March 10, 2009

Review by Maureen Alsop

THE WHITE BRIDE
by Sarah Maclay

University of Tampa Press
401 W. Kennedy Blvd.
Tampa, FL 33606
ISBN: 978-1-59732-042-9
2008, 84 pp., $12.00
http://utpress.ut.edu

A mesmeric music that “starts inaudibly, as all music starts…” (3) within Maclay’s The White Bride moves not only from poem to poem, but from outer ear to inner throat. The arc of the book is a crescendo of image and silhouette guided by a voice with one leg in the city and one leg in another century, past or future–one cannot be sure. The voice, delicate, whispers calmly as the reader engages the motion of waves while standing at the edge of a cliff.

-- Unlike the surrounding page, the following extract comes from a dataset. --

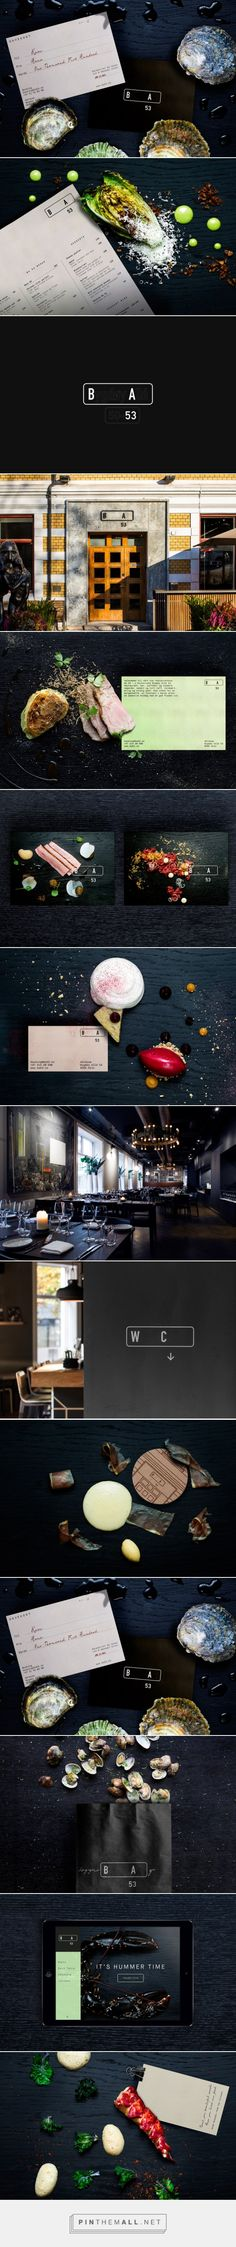 Modern Restaurant Branding Project for BA 53 by Nicklas Haslestad - created via https://pinthemall.net

Elegy isn’t even elegy, but something deeper: this is what they touch. It is the only music but it is not really sad. They do not cry, they do not have to cry, they are the same wave. Later they cannot talk about it, say the wrong things; make promises they cannot keep or promise not to promise. Anything they say flattens into ribbons, curls away. It is this simple: start by asking her about her day, start by asking him about his day, and then begin. Listen with your fingers. The sea is dangerous they say, but not if you’re the sea. (3)

Maclay’s voice is the sea, and a reader is quickly catapulted by the marvelous waves of The White Bride’s musical language.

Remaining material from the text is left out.